▶ [What the task asks]
Your task is to reproduce exactly the lines from the one containing "China Green Ev" through the last line below, both ends included, and nothing else, with no pictures.

Information supplied: Begin

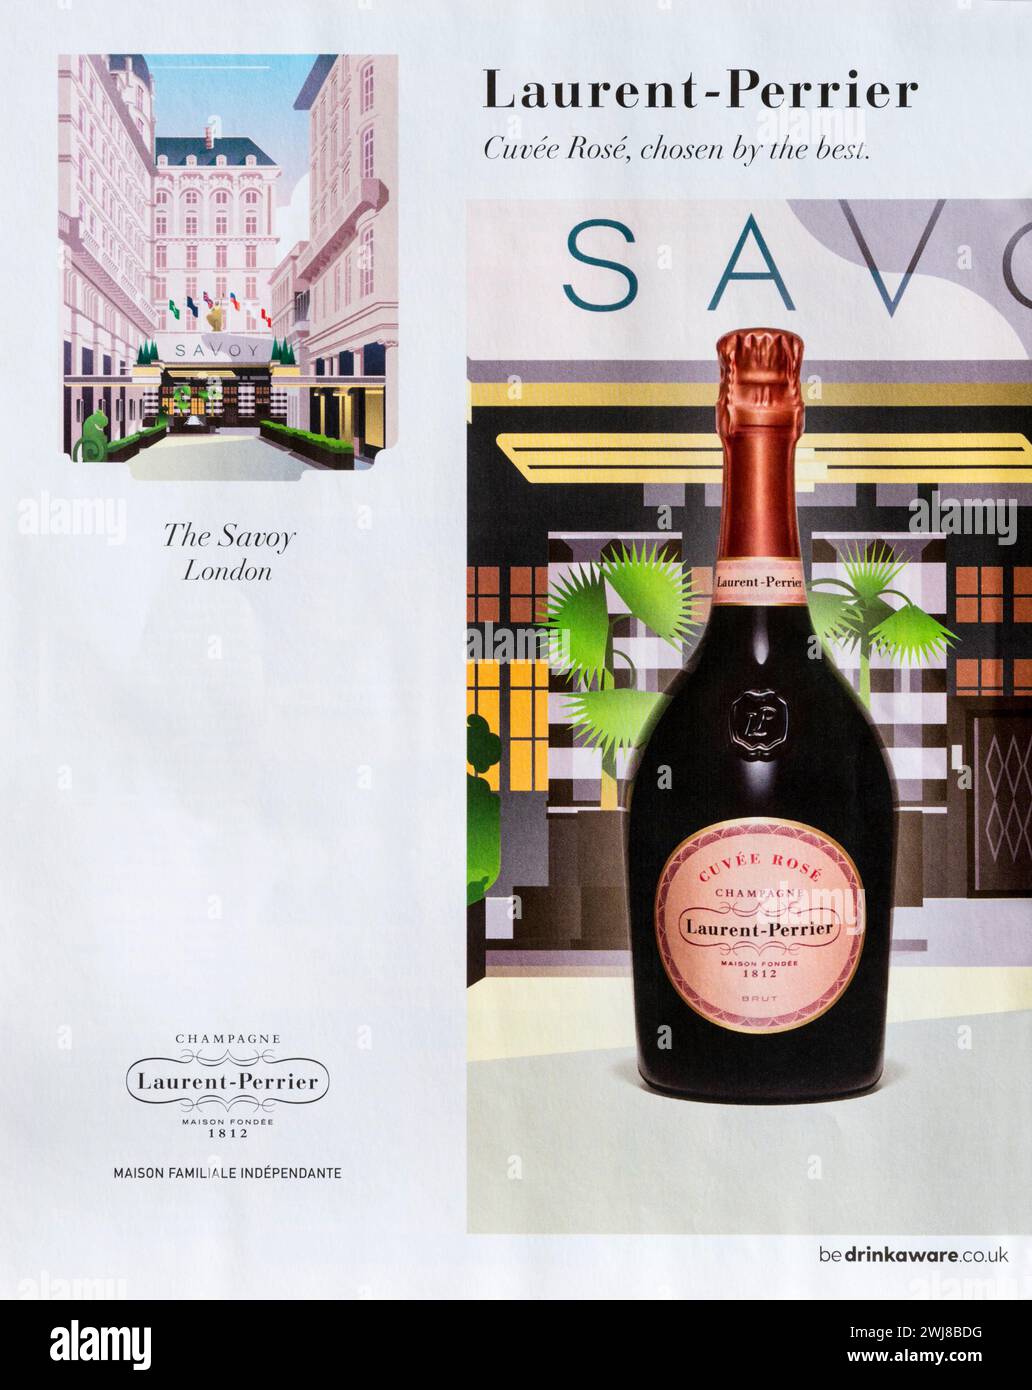 Magazine advertisement for Laurent-Perrier Cuvée Rosé Champagne. Stock Photo
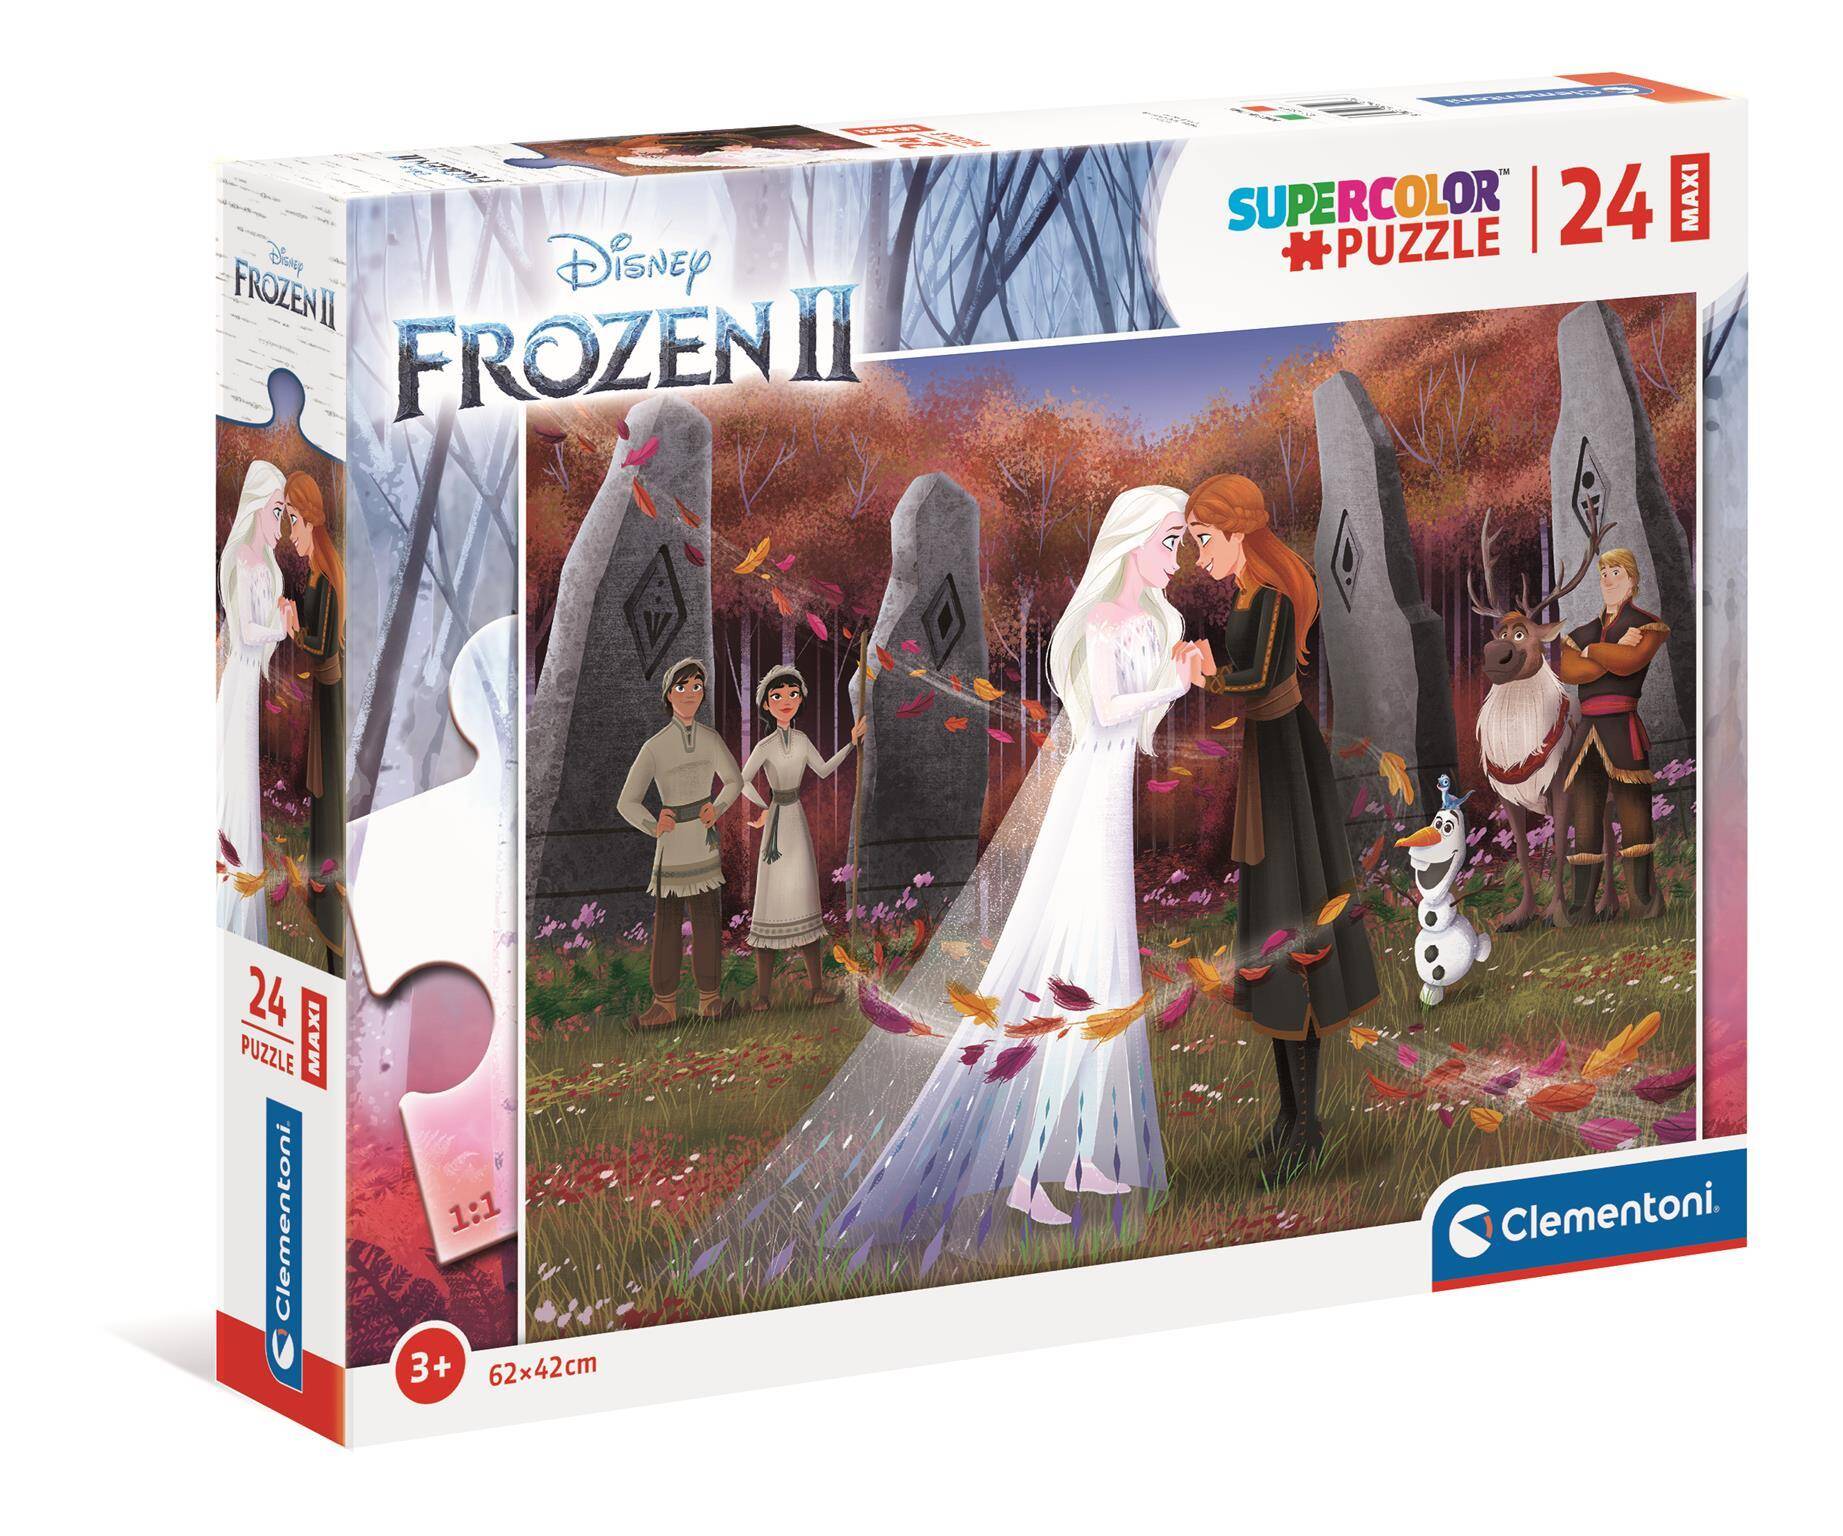 Puzzle 24 maxi super color Frozen 2 24217
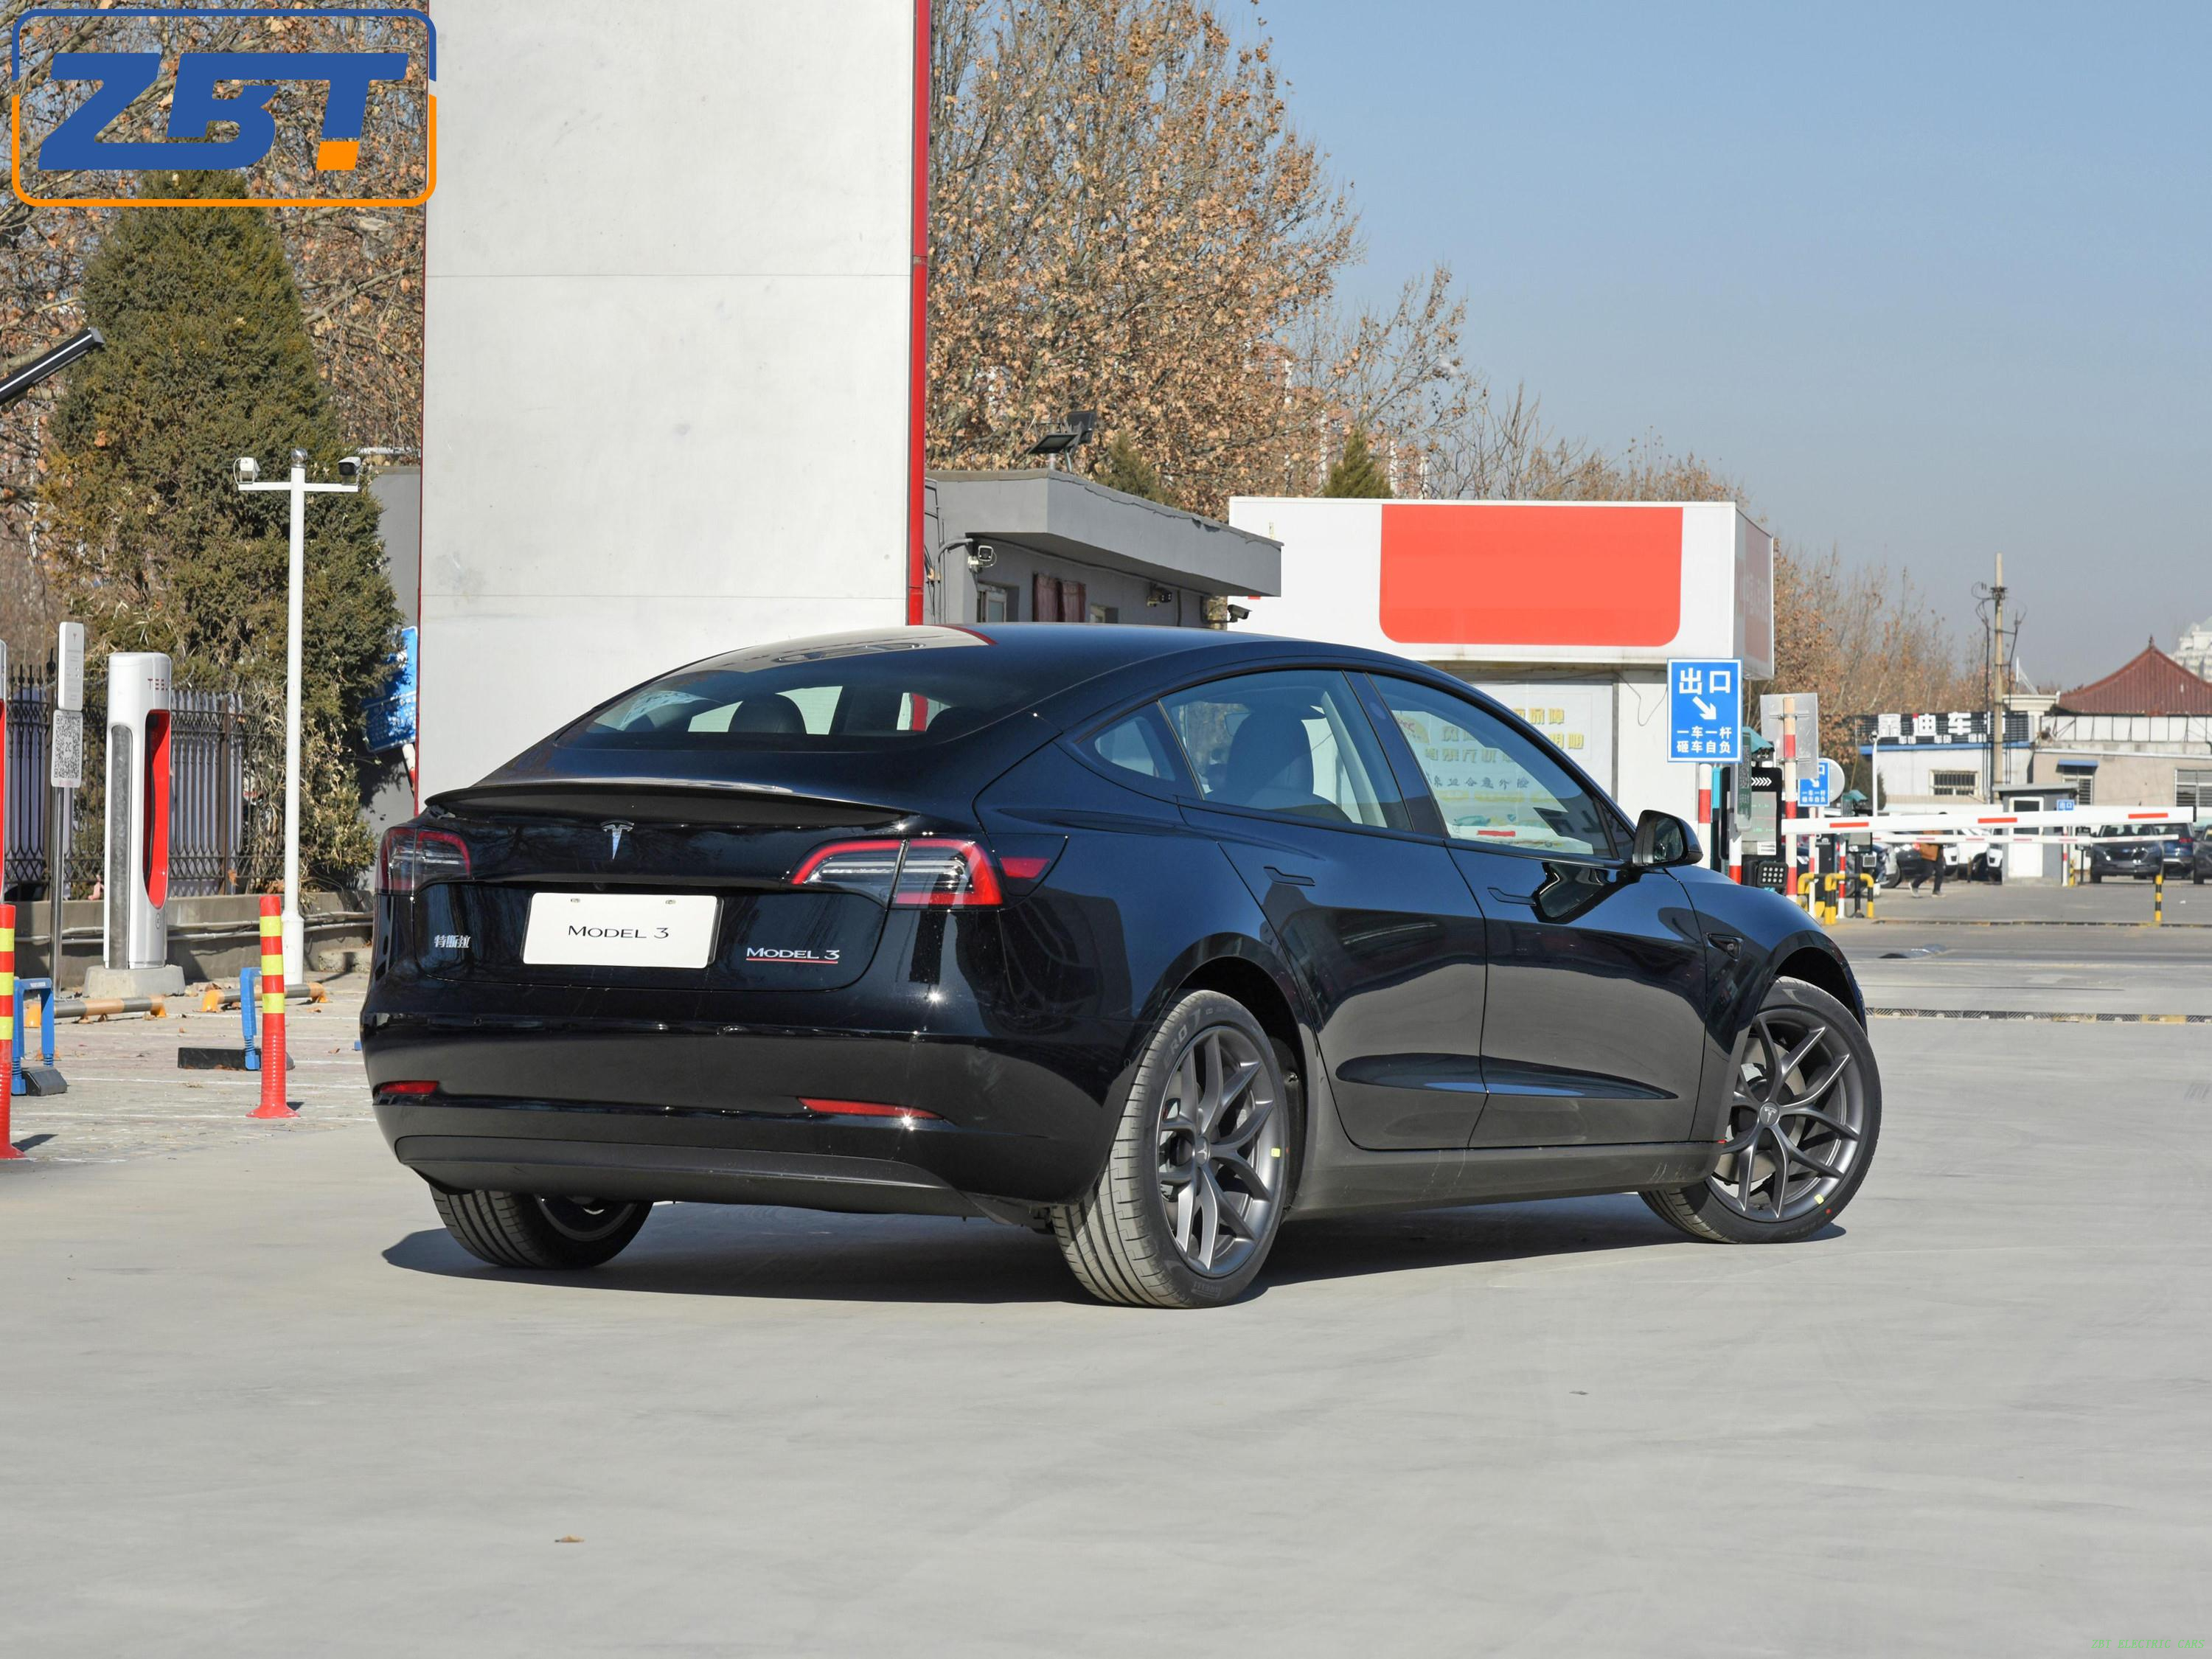 China Green Ev Model 3 Автомобиль Роскошный интеллектуальный седан 4x2 4x4 Super Sport Smart Electric Car
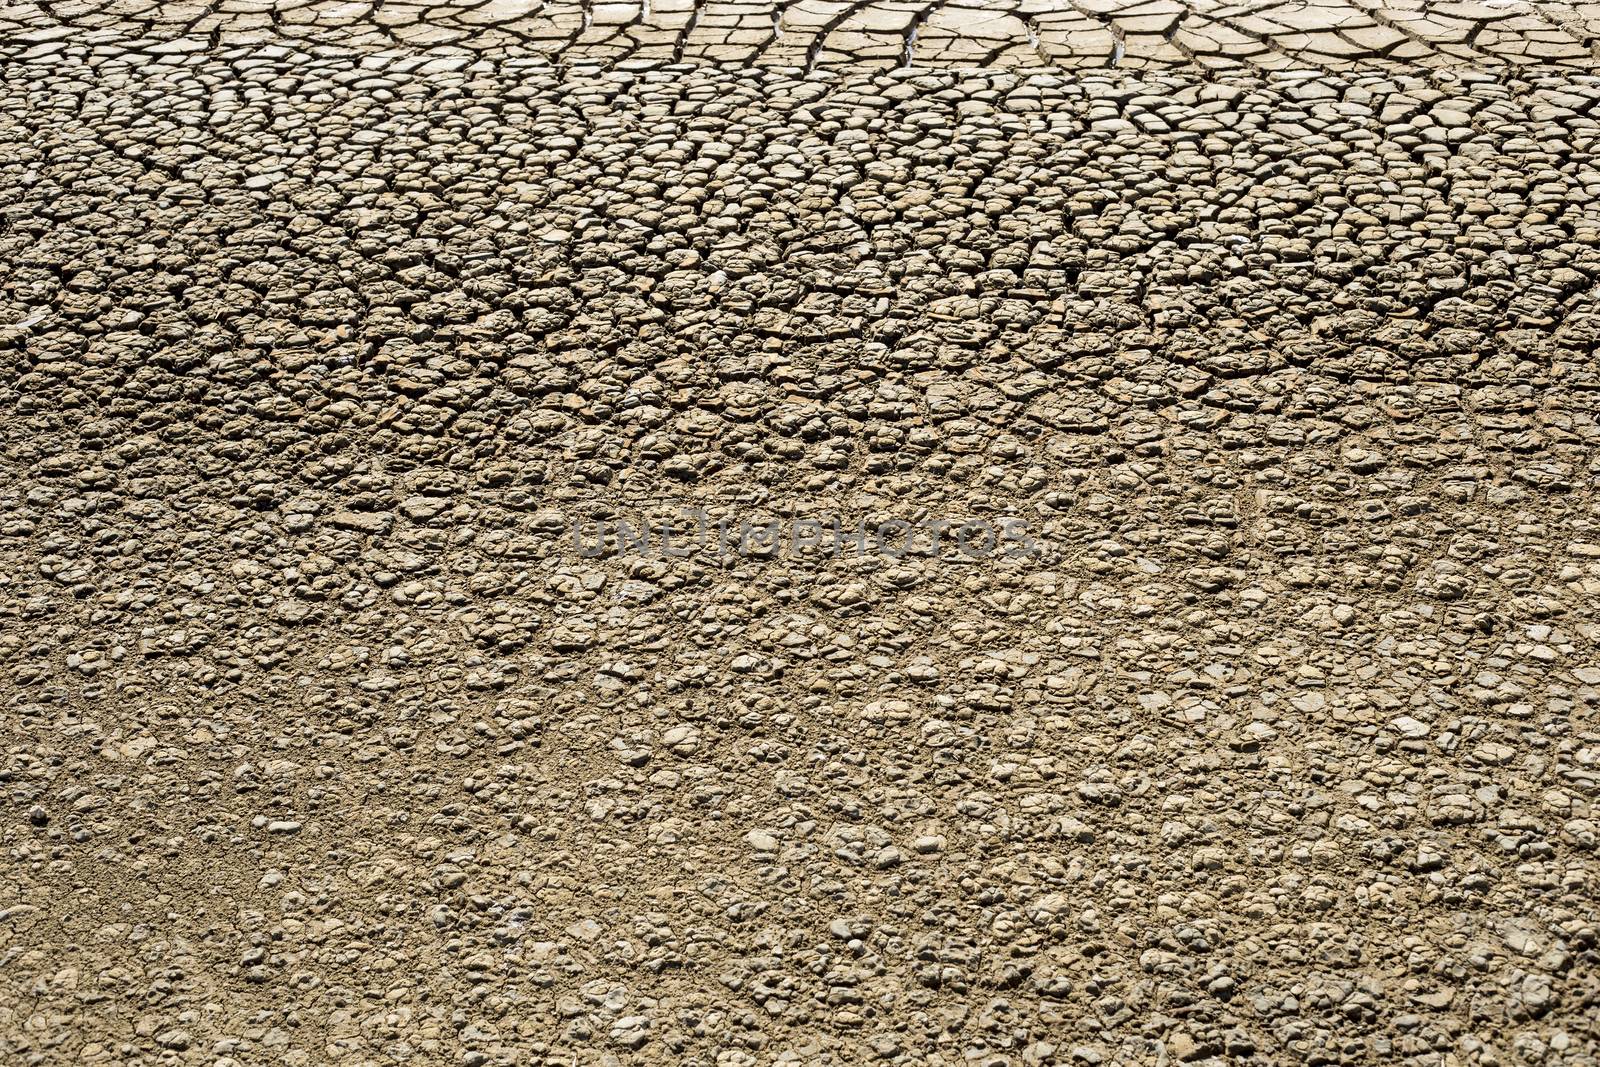 Texture of a cracked mud on a salt farm.

Information supplied: End

▶ [Your response]
 China Green Ev Model 3 Автомобиль Роскошный интеллектуальный седан 4x2 4x4 Super Sport Smart Electric Car
 Texture of a cracked mud on a salt farm.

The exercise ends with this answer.